Platteel was raised in a poor neighbourhood where violence was common. His uncles where not exactly saints. He witnessed the devastating effect this had on his cousins. ‘From an early age, kids in that kind of situation believe they are worthless. They do everything they can to ensure their survival. They become disappointed and hardened. Drift off course when there is no one to support them. And are eventually seen only as a problem.’

Kaoutar

Finally, I know I deserve to be here

‘When I was sentenced to a year in prison, I felt the ground swallow me up. I thought: that’s it. Every day I was locked up in this silence, alone with my own thoughts. I wondered: why do I keep making the wrong choices – theft, burglary and drug smuggling?

I saw myself leaving home as a 14-year-old girl again, never to return. I could feel the punishments and beatings from those days. And I could hear my mother screaming: “You should never have been born. You’re a disgrace and a failure!” Then suddenly I realised that these words accompanied me everywhere I went. I behaved as though I wasn’t worthy of living, that I had no right to exist. Suddenly, I became highly aware of my own thoughts and potential.
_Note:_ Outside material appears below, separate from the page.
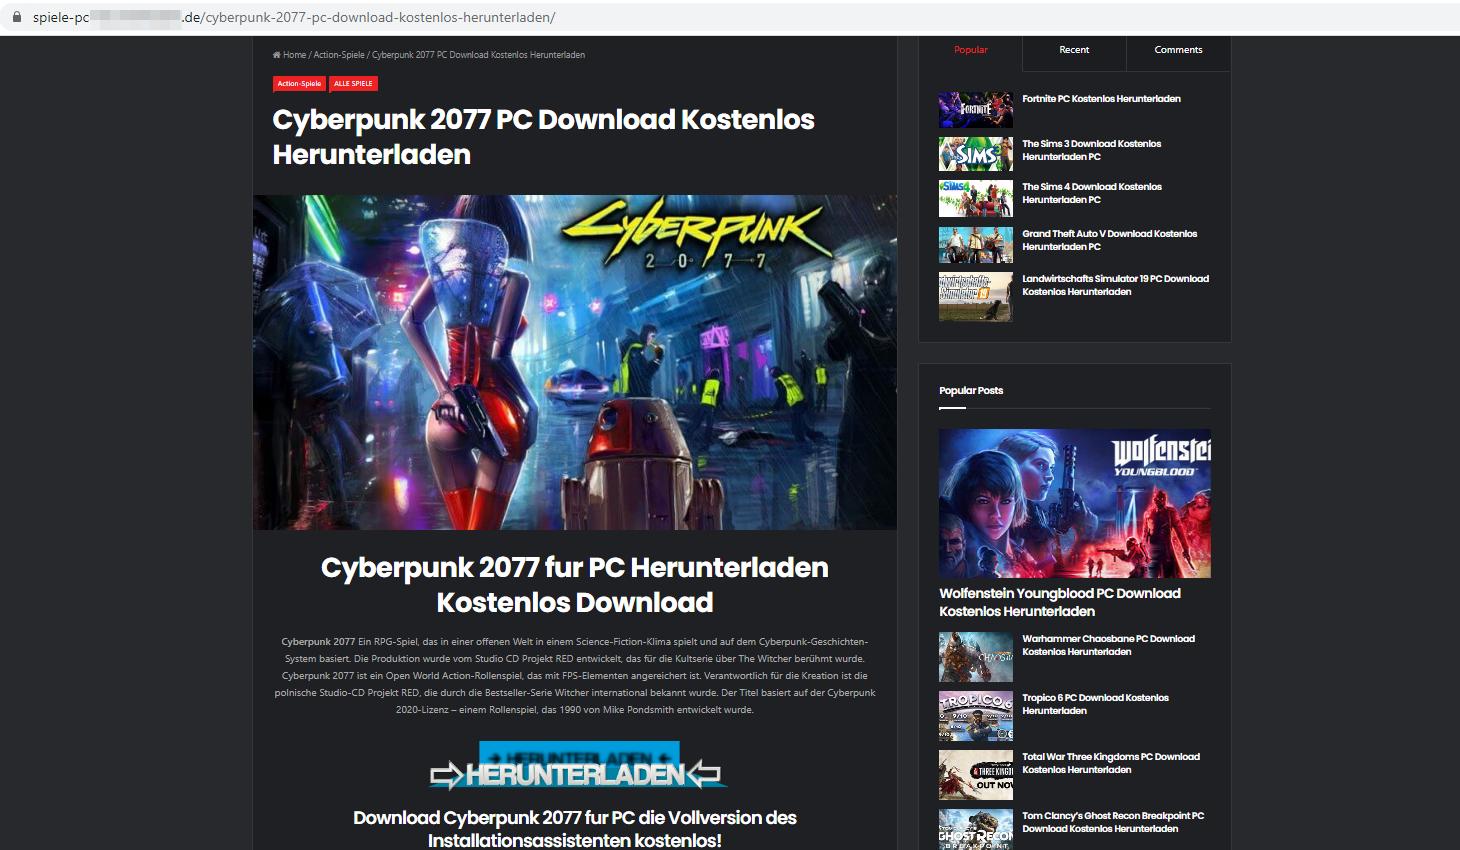 Sitio web en alemán, con un botón de descarga gigante (Herunterladen)

Today, I am to others, the person I myself so desperately needed in the past. As a credible messenger, I inspire young people to not go astray. And I know the things they are going through, because of the shit I have been through myself. Being able to help them, is the most rewarding part. This is what gives me a sense of gratitude and pride. I have managed to find the purpose of my existence.’

Street language

It is difficult for mainstream youth work to reach this group. However, there are people who do succeed, observes Platteel. ‘For example, people who themselves were once involved in crime, but who have managed to overcome their situation. They are the very people who realise when someone in the neighbourhood is at risk of slipping into crime. Often, they know the family, they speak the language of the streets and will take such a young person under their wing.’ Platteel commissioned research into what made the difference. ‘This revealed all sorts of characteristics that the youth work system is unable to meet. For example, being available at all times. And establishing yourself as a brother or a father.’

A dead-end

Armed with these insights, Platteel developed a training course for people who have experienced this themselves and therefore have the credibility to protect other youths from a dead-end path. These so-called Credible Messengers learn to recognise destructive patterns of behaviour in young people and what could trigger them. As well as how to build a trusting relationship with them when profound disappointments have damaged their lives. How to apply the knowledge gained through formal and informal networks in the neighbourhood, to engage with and support these young people. As well as how to identify their talents and bring them to fruition.

Sixty trained people

Since then, sixty Credible Messengers have been trained. Together they form the Adamas network. They work closely together with Actiecentrum Veiligheid en Zorg (Action Centre for Security and Care, (AcVZ) of the City of Amsterdam. The Adamas network is often consulted by juvenile institutions and forensic organisations. As well as anxious relatives and schools where firearms possession and violence occur.

Unprecedented difference

Every day, Platteel witnesses the benefits that stability, security and confidence have for young people’s lives. This is where the ‘home base’ with its sports, cooking and music studios plays an important role. ‘We acquire a lot of information about their environment and about what is happening in their lives by doing creative work with them. Yesterday, for example, I heard one boy come up with a rap about how the streets keep him trapped. Heartbreaking! This was a cry for help that would otherwise remain unheard. I asked him: if you added a verse to it about where you’ll be in five years, what would it say? That small move can make an unprecedented difference.’